Yichi Zhang
411 CoRE Building, Busch Campus
yz1636@dimacs.rutgers.edu
I'm a postdoc researcher at the Center for Discrete Mathematics and Theoretical Computer Science (DIMACS), Rutgers University, hosted by David Pennock and Lirong Xia. My research designs theoretically robust evaluation metrics to incentivize high-effort human feedback, evaluate data quality, and supervise AI.
Before my current position, I received my Ph.D. from the University of Michigan, Ann Arbor, where I was fortunate to be advised by Grant Schoenebeck. I earned my B.S. from Shanghai Jiao Tong University, China.
Recent News
- Oct 2025 I am attending the 2025 INFORMS Annual Meeting, October 26-29, in Atlanta. I will present our recent OR revision, "A System-level Analysis of Conference Peer Review".
- July 2025 Presented our paper “Evaluating LLM-Corrupted Crowdsourcing Data Without Verification” at the Workshop on Human–Algorithm Collaboration, jointly with EC ’25.
- July 2025 We organized the 2nd Annual Workshop on Incentives in Academia (WINA), jointly with EC ’25.
My Research
My earlier research centers on peer prediction, where the goal is to design scoring and reward mechanisms that elicit honest, high-effort information without ground truth. I develop evaluation metrics with provable guarantees that are efficient, adversary-robust, and interpretable, with an eye toward practical deployment for data quality and truth discovery.

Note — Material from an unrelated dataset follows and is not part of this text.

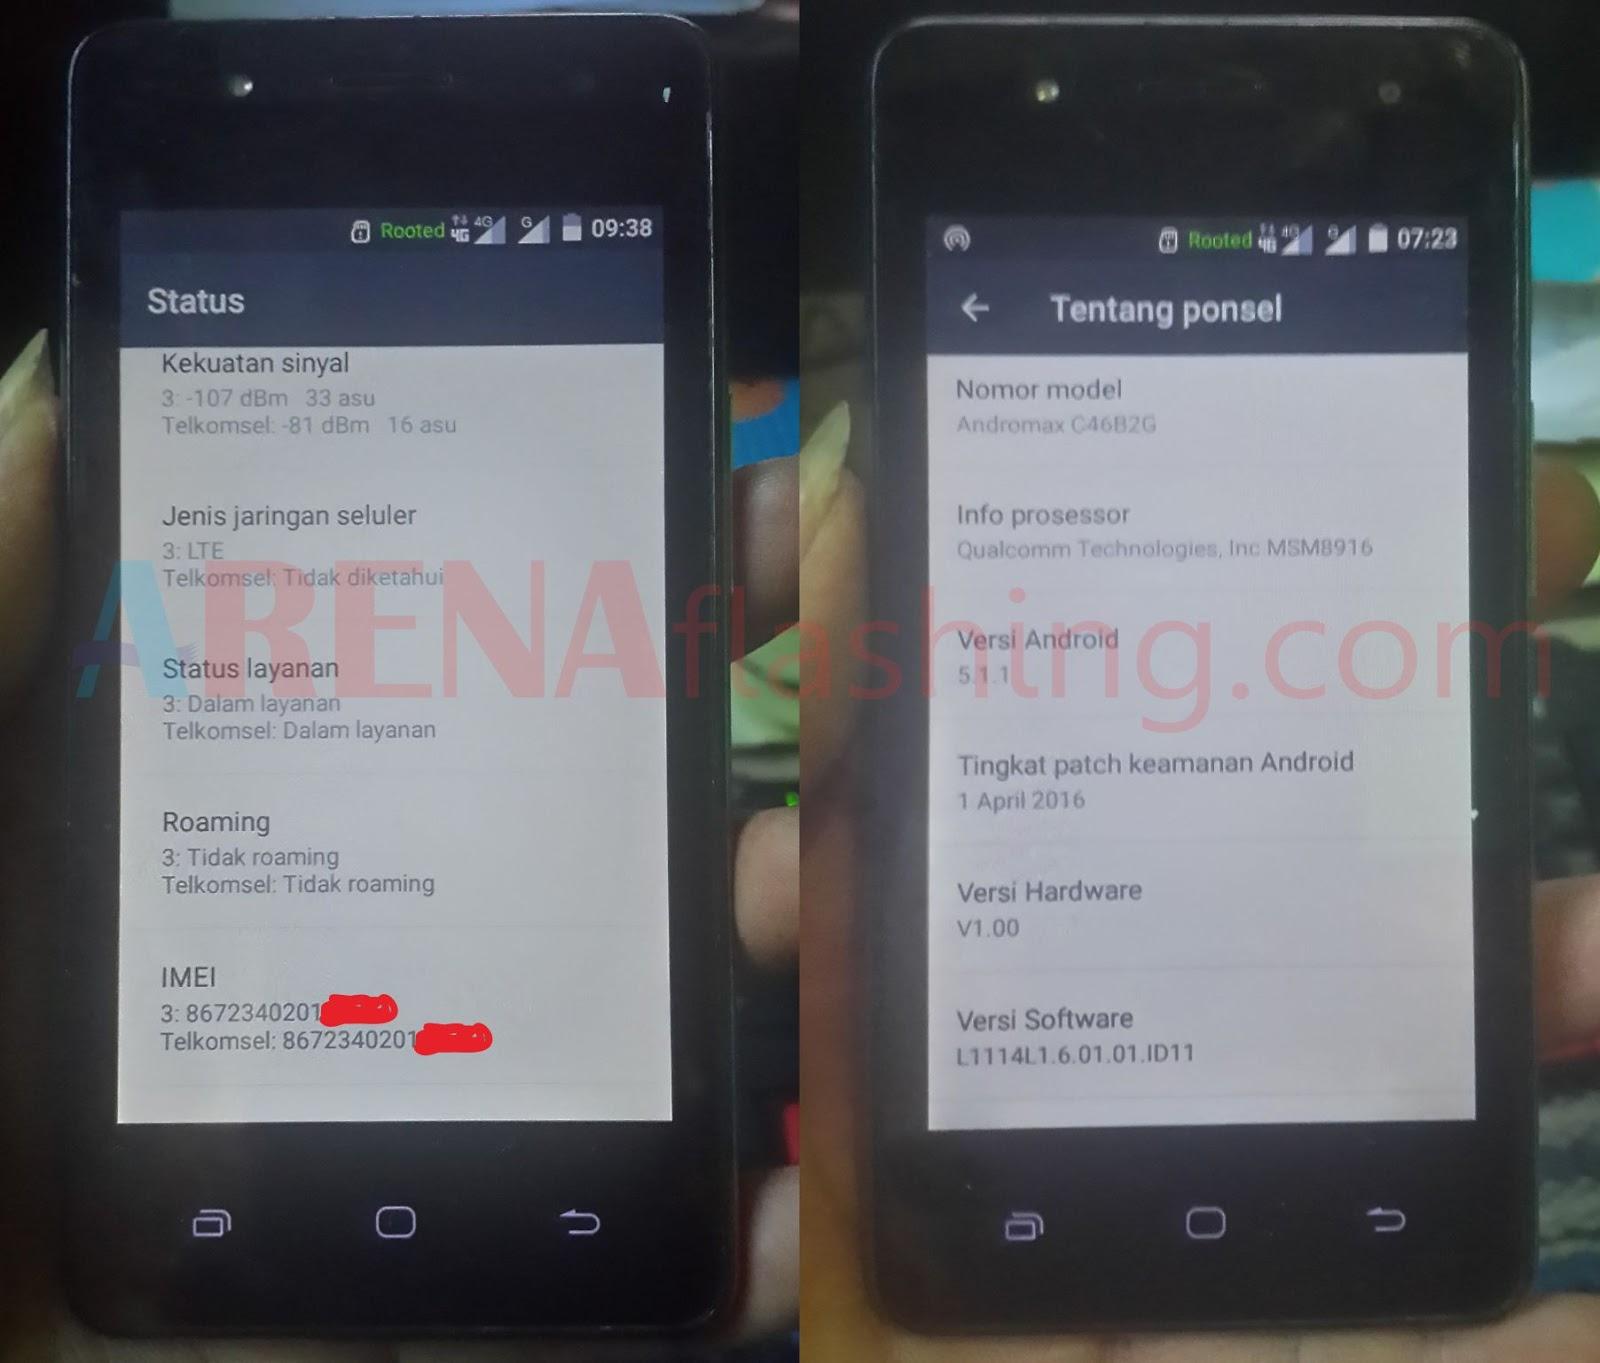 Tutorial Dual Gsm 4g Andromax Es C46b2g Tanpa Pc Tutorial Flashing Android Upgrade Downgrade Firmware Unbrick

A relevant application is peer review. I study policies that combine reviewer signals with authors’ own information to improve acceptance decisions while reducing review workload. I'm one of the main organizers of the annual Workshop on Incentives in Academia (WINA).
More recently, I examine how generative AI reshapes data collection. My work investigates how to detect and discourage LLM-generated or low-effort feedback, and how to safely use noisy or misaligned AI feedback in downstream decision-making.